Despite the apparent 'anarchy' of the Shire at the beginning of Lord of the Rings; overall, I think that Tolkien advocated a religious monarchy, somewhat on the Byzantine model - Gondor under the Kings (before the Stewards) was the nearest thing in the Third Age - and the link between Gondor and Constantinople is explicit in Tolkien's private writings (although the religion in Gondor was extremely vestigial), but Numenor was a more exact parallel.

In other words, Numenor/ Gondor was a monarchy that united spiritual and secular leadership - in which God chose the King, and the King represented God to his people.

Divine sanction was revealed in LotR by Aragorn's 'miracles' of healing - and healing of a type only he could achieve (curing the Black Breath of the Nazgul King).

The authority of the King was absolute, except that he must not go against the will of God (implicitly) - and it just happened to be the King Aragorn's judgment and will (for the good of his subjects) that he left The Shire to govern itself (subject to protection from the King's Men).

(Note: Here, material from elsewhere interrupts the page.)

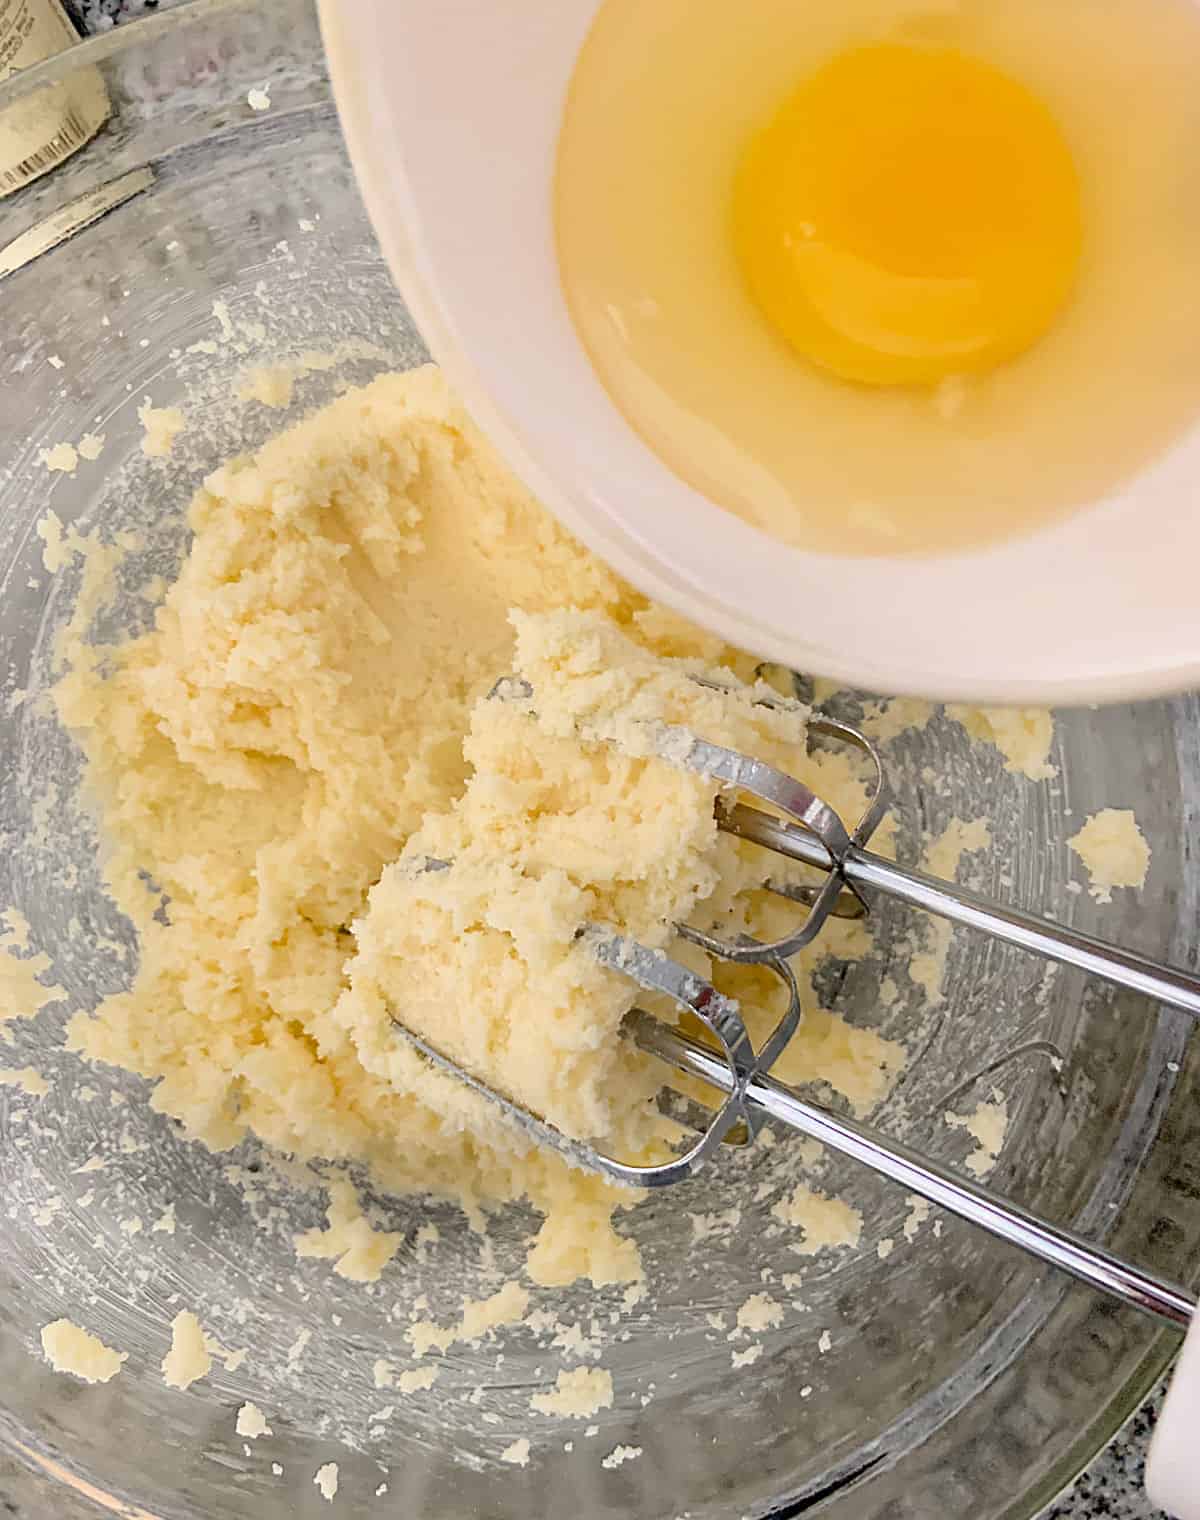 Adding egg from a white bowl to cake batter in glass bowl, beaters inside

A good, kind King would have regarded Hobbits rather as we regard children or mentally-incompetent persons - creating for them a protected environment where they can conduct their own games safely.

But Hobbits could not, and probably should not, be integrated into the world of Men - there could only be some kind of parallel Hobbit society - else they would have been enslaved by bad men.

(I would *guess* - no supporting evidence that I know of - that the Rangers had for centuries been preventing this from happening in Bree, while they were also protecting the Shire Hobbits from invasion).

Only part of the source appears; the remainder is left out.